Klean Kanteen approached 12 Volt to print a run of stainless steel, vacuum-insulated bottles with the #ButteStrong design. After the first run of 1,000 bottles sold out online in 22 minutes, Klean Kanteen did another run of 5,000 bottles, which also quickly sold out, and 100 percent of the profit—$150,000 in total—went to the United Way Camp Fire Fund. An exclusive Klean Kanteen stainless steel pint cup will be sold at a three-day Camp Fire benefit concerts this week at the El Rey to raise additional funds.
Beyond that, a local artist offered to make Christmas ornaments at no charge to sell as a fundraiser. And there have been discussions with cycling group Chico Velo to create riding jerseys using the #ButteStrong design as a fire relief fundraiser.

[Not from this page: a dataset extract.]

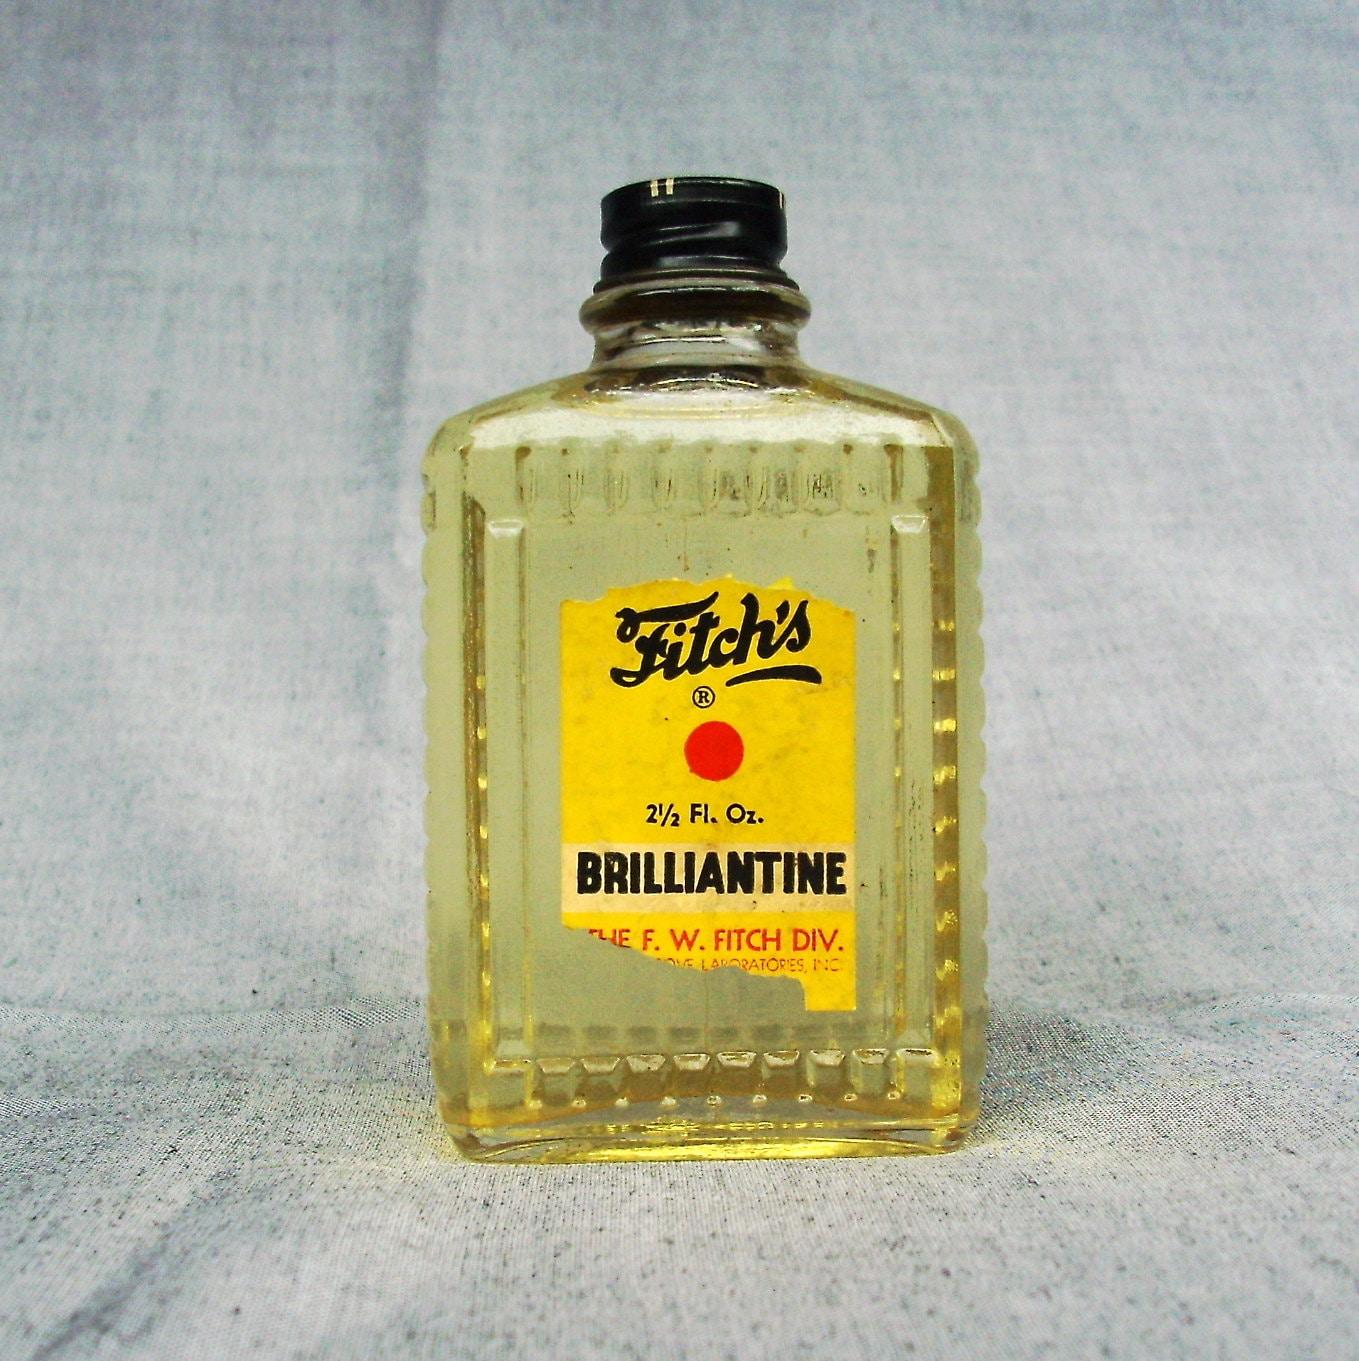 Vintage bottle fitch 39 s brilliantine never opened for Pitture brillantinate

To date, Karen estimates that fundraising using the #ButteStrong design has topped $200,000, a number she says is difficult for her to comprehend, as is how her husband’s sketch become a widespread icon for hope and healing.
“People were saying, ‘I need this now, I want this, this is all I want,’” she said. “I’m thinking, ‘You don’t have a house, you don’t have a job.’ A lot of them don’t have a car. Their pets were missing. All of these horrible things. But [the #ButteStrong tattoo] is what they wanted to focus on.”